Calling someone the most influential landscape architect in American history may seem like one of those compliments that aren't--like calling someone the greatest mapmaker at the CIA or the finest power forward in the history of the New Jersey Nets. Anyone who has toured the outer reaches of our country's exurbia, with their barren lawns and scattered, halfhearted shrubbery, will notice that landscaping is a sadly devalued art form. But it really was an art form once, and the life of the man who made it so deserves to be remembered, for our own sake and for his. Frederick Law Olmsted gave us Central Park in Manhattan and Prospect Park in Brooklyn, the Biltmore estate in North Carolina, and the Capitol grounds in Washington, D.C.--the list is long and inspiring. They don't, alas, make them like that anymore.

They don't much write biographies like this anymore either. Witold Rybczynski's A Clearing in the Distance: Frederick Law Olmsted and America in the Nineteenth Century is a model of the well-told life: humane, lively, learned but not pedantic, brief but comprehensive. A professor at the University of Pennsylvania and author of Home: The Short History of an Idea, Rybczynski means to tell us not only about the artist but also about the country he transformed and elevated with his art. Olmsted's life is a fine prism through which to scan America in the late 1800s, from the impoverishing ravages of the Civil War to the confidence and wealth of the century's end.

Born in 1822, Olmsted was the son of a well-to-do merchant in Hartford. From early on he had a love of the outdoors, combined with a mental restlessness that made him an indifferent student. He declined to go to college, which his indulgent father could have afforded, and embarked instead on a series of dead-end careers as a surveyor, a dry-goods clerk, a merchant seaman, and a farmer, all of which cost his father more money than college would have. By his mid-20s, Olmsted was an undisciplined young man with a wandering curiosity and no marketable skills. So he became, of course, a journalist.

Traveling through the antebellum South filing dispatches for the New York Times, Olmsted saw his interests coalesce: politics, public service, writing, and a love of the natural world. The dispatches were republished in a trio of well-received books. They made him famous, and they survive as some of the most astute and prescient writings about the slave economy. And they show something else: a subtle intuition for the ways the land shapes its human inhabitants. "Olmsted," writes Rybzcynski, "did not only look at his natural surroundings, he studied them and scrutinized their composition with as much attention as another might examine a great painting or listen to a work of music."

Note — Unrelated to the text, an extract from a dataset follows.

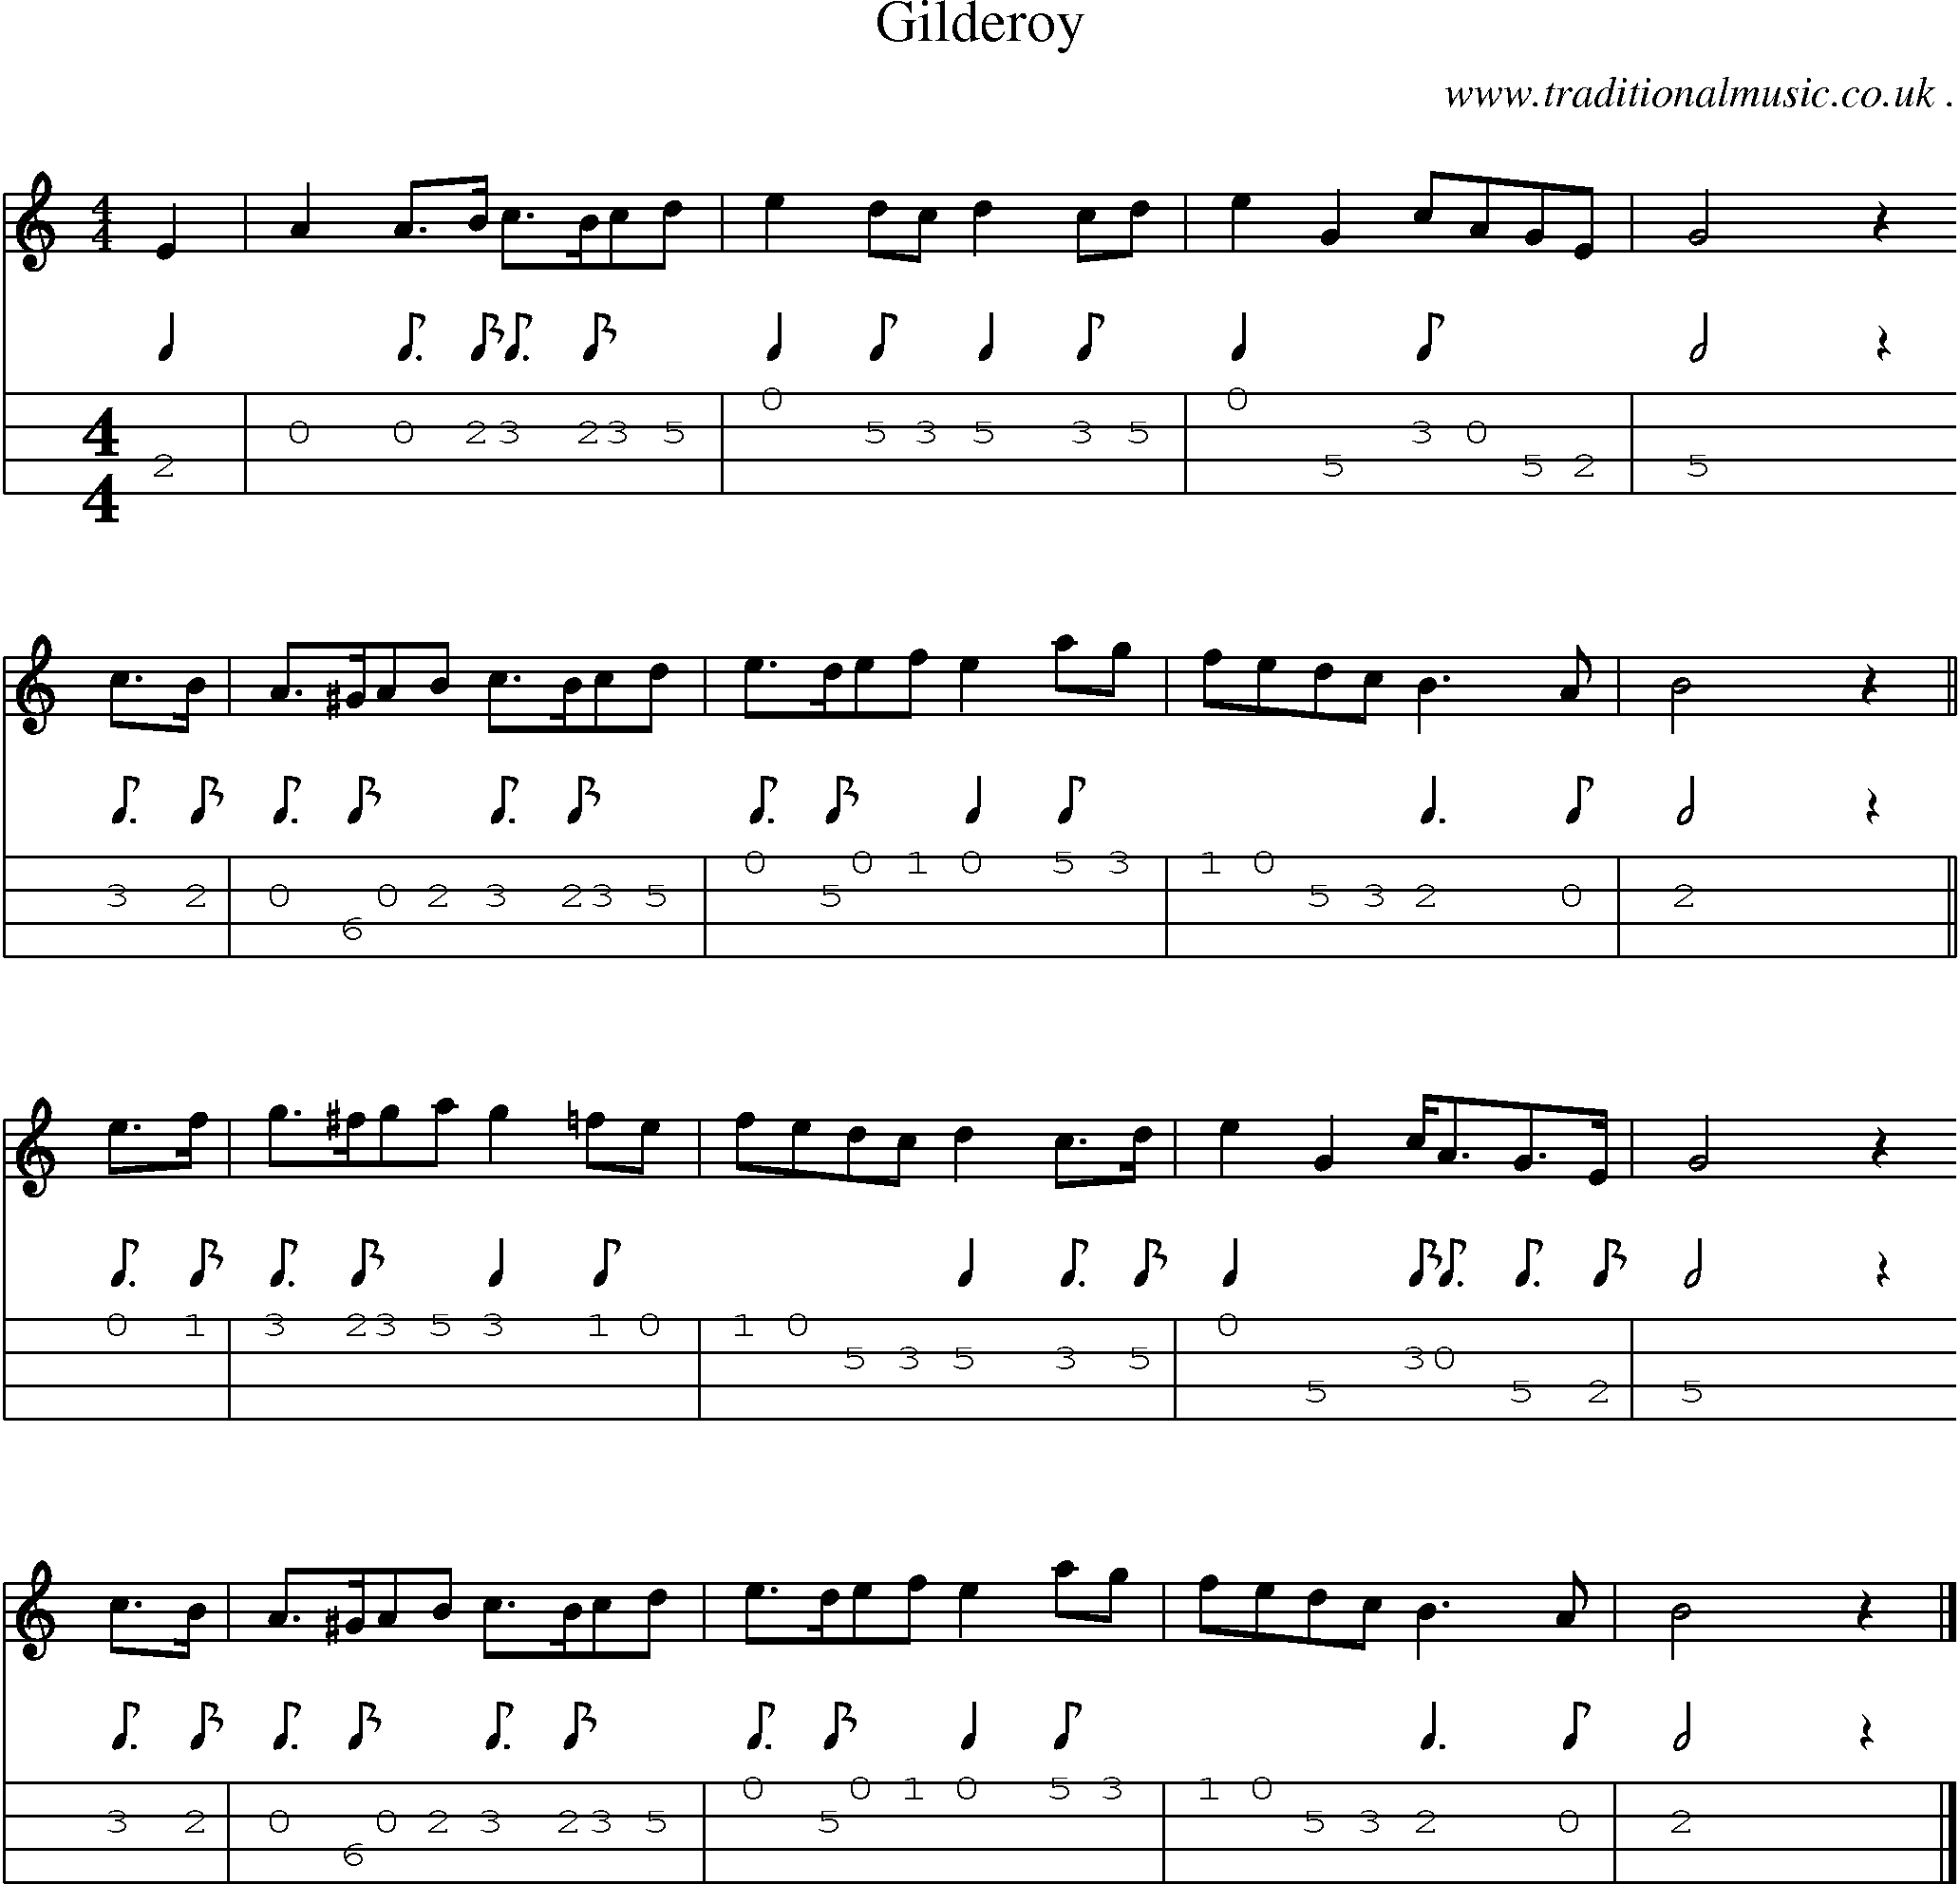 Sheet-music  score, Chords and Mandolin Tabs for Gilderoy

Olmsted became a landscape designer through a series of happy accidents. His journalism led him into antislavery activism, which in turn led him to government service. He was a friend of Longfellow's and Melville's and Oliver Wendell Holmes', and he moved easily among the aristocracy that controlled New York. He became an administrator of the greatest public-works project of the day, the "People's Park" in Manhattan, soon to become known as Central Park. With the architect Calvert Vaux, he submitted a plan for a vast democratic pleasure ground at the island's center, and thereby found the calling that would occupy the rest of his life.

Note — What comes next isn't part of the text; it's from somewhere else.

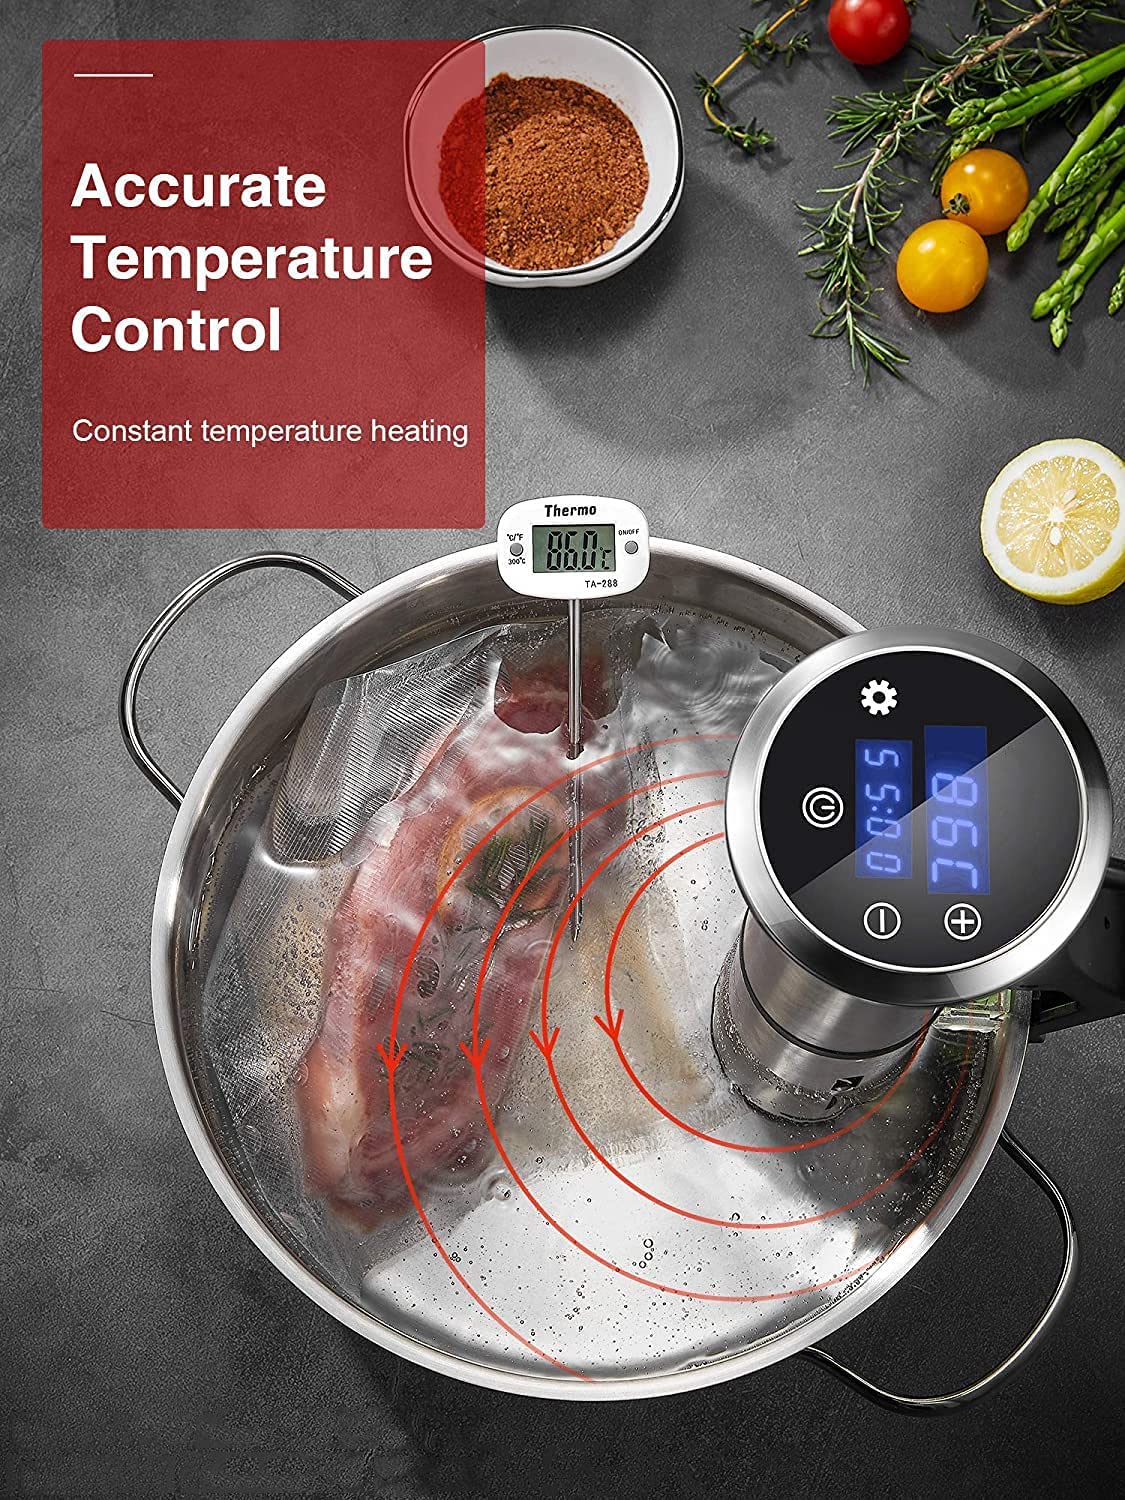 DEIK Sous Vide, 1200W Slow Cooker, Roner IPX7 Water Resistance, Bain Marie  Cooking Machine with LED Touch Screen, Temperature Control and Scheduled

Despite having a fine eye and exquisite taste, "Olmsted was no aesthete," says Rybczynski. In landscaping he had discovered the most practical of arts, fashioning from nature an experience that would "civilize" the common man as it refined his sense of beauty. "Artistry there was, certainly," Rybczynski writes, "but it was combined with city planning, urban management, public education, and public health." After Central Park, commissions poured in, and Olmsted brought the same pragmatic ideal to the planning of towns, suburban subdivisions, private gardens, and, at the end of his career, Chicago's legendary Columbian Exposition of 1893.

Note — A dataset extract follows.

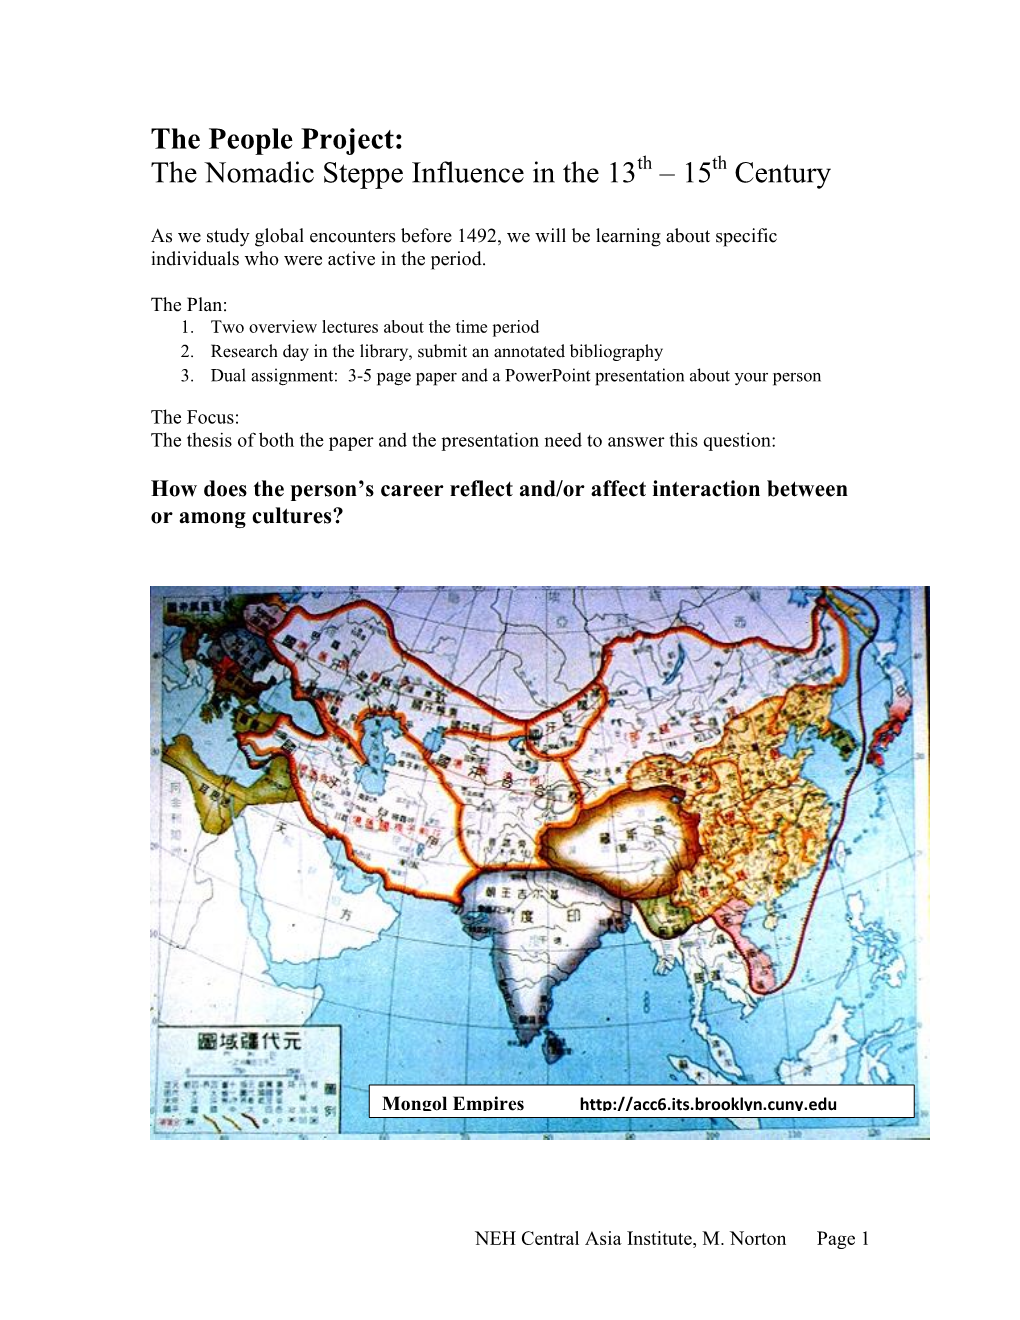 The People Project: the Nomadic Steppe Influence in the 13 Th – 15Th

Some of his masterpieces survive, but much has been lost. The "creative destruction" of capitalism, which churned up the wealth that made Olmsted's planning possible, also obliterated many of his achievements in ensuing generations, as parks were paved over and suburbs rezoned. There's a lovely poignancy to Rybczynski's book--an underlying sense that, in our zest for private pursuits, we have lost our appreciation for the public spaces that Olmsted made his life's work. And there's a timeliness too, now that the political air is thick with talk of "sprawl" and "livability." What better time to rediscover Olmsted and reclaim the patrimony he hoped to leave us?